Baca Juga: Dinkes Kota Batu Lakukan Monev Kawasan Tanpa Rokok
Sementara itu, H. Nur Ali, anggota Komisi B mengungkapkan, persoalan ini sempat mencuat tahun 2014. Dalam Laporan Hasil Pemeriksaan (LHP) Laporan Keuangan Pajak Daerah (LKPD) Kota Batu tahun 2014, disebutkan bahwa terdapat piutang pajak hiburan yang tidak diakui oleh wajib pajak (WP) sebesar Rp 24.555.376.610 (sudah diterbitkan SKPDKB).
Dijelaskan, berdasarkan sumber LHP Badan Pemeriksa Keuangan (BPK) tahun 2014, data wajib pajak yang masuk daftar piutang yang tidak diakui tersebut yaitu Tempat Rekreasi (TR) Batu Night Spectakuler (BNS) senilai Rp 3.786.756.542, TR Jatim Park (JP) I Rp 14.529.110.974, TR JP II Rp 5.832.045.867, TR Se Rp 167.648.227, dan Panti Pijat DGD Rp 239.815.000 dengan total keseluruhan mencapai Rp 24.555.376.610.
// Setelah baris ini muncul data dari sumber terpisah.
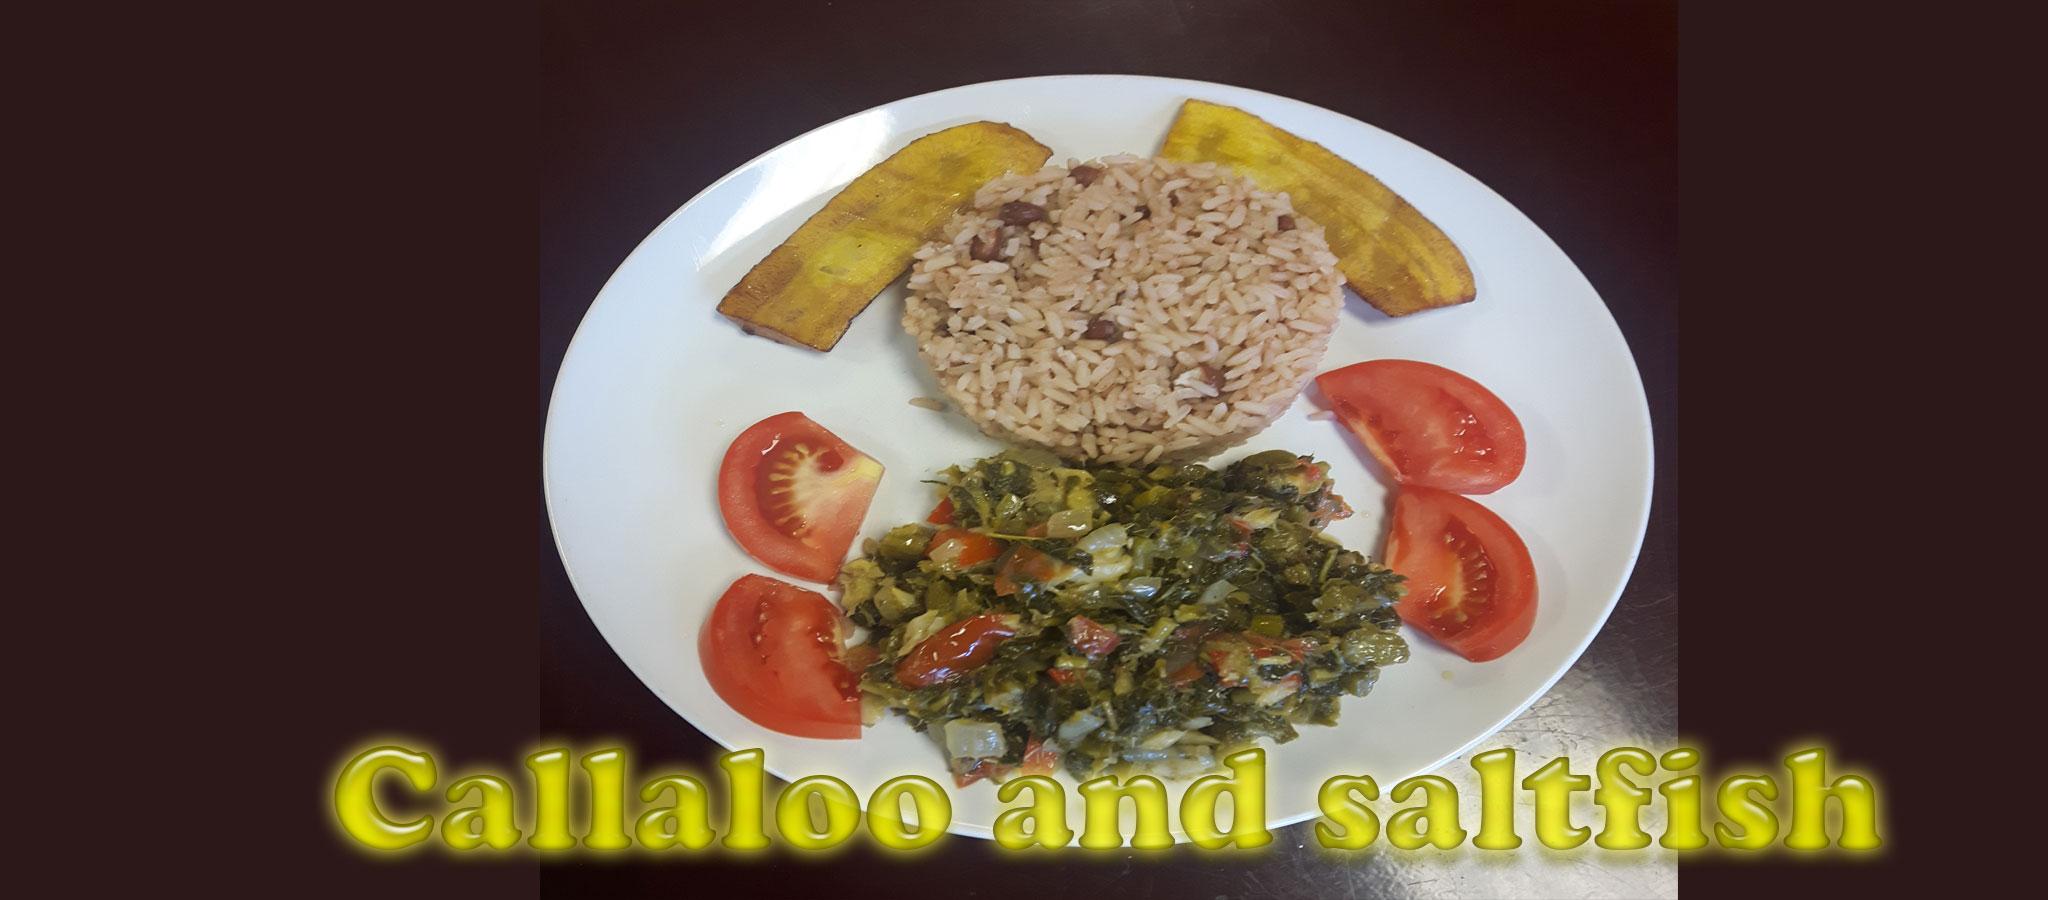 Callaloo and saltfish

Diungkapkan pula, tidak hanya menjadi temuan dalam LHP BPK tahun 2014, ini juga kembali menjadi temuan BPK tahun 2017. Bahkan nominalnya semakin bertambah menjadi sebesar Rp 26.077.745.311. Jumlah ini merupakan nilai piutang tahun 2017 dan telah diterbitkan SKPDKB namun tidak diakui oleh WP sebesar 25 miliar sebagaimana didasarkan pada hasil rekapan JTP grup per 31 Desember 2016.
Baca Juga: Tata Kelola Kearsipan 10 OPD Pemkot Batu Raih Predikat Sangat Memuaskan
"Komisi B akan terus menekan pemerintah agar melepaskan kepentingannya dengan para pengusaha nakal yang terus menerus menunggak pajak. Dalam setiap rapat, kami selalu tanyakan masalah ini," ujar Nur Ali, yang juga anggota Fraksi PKB ini.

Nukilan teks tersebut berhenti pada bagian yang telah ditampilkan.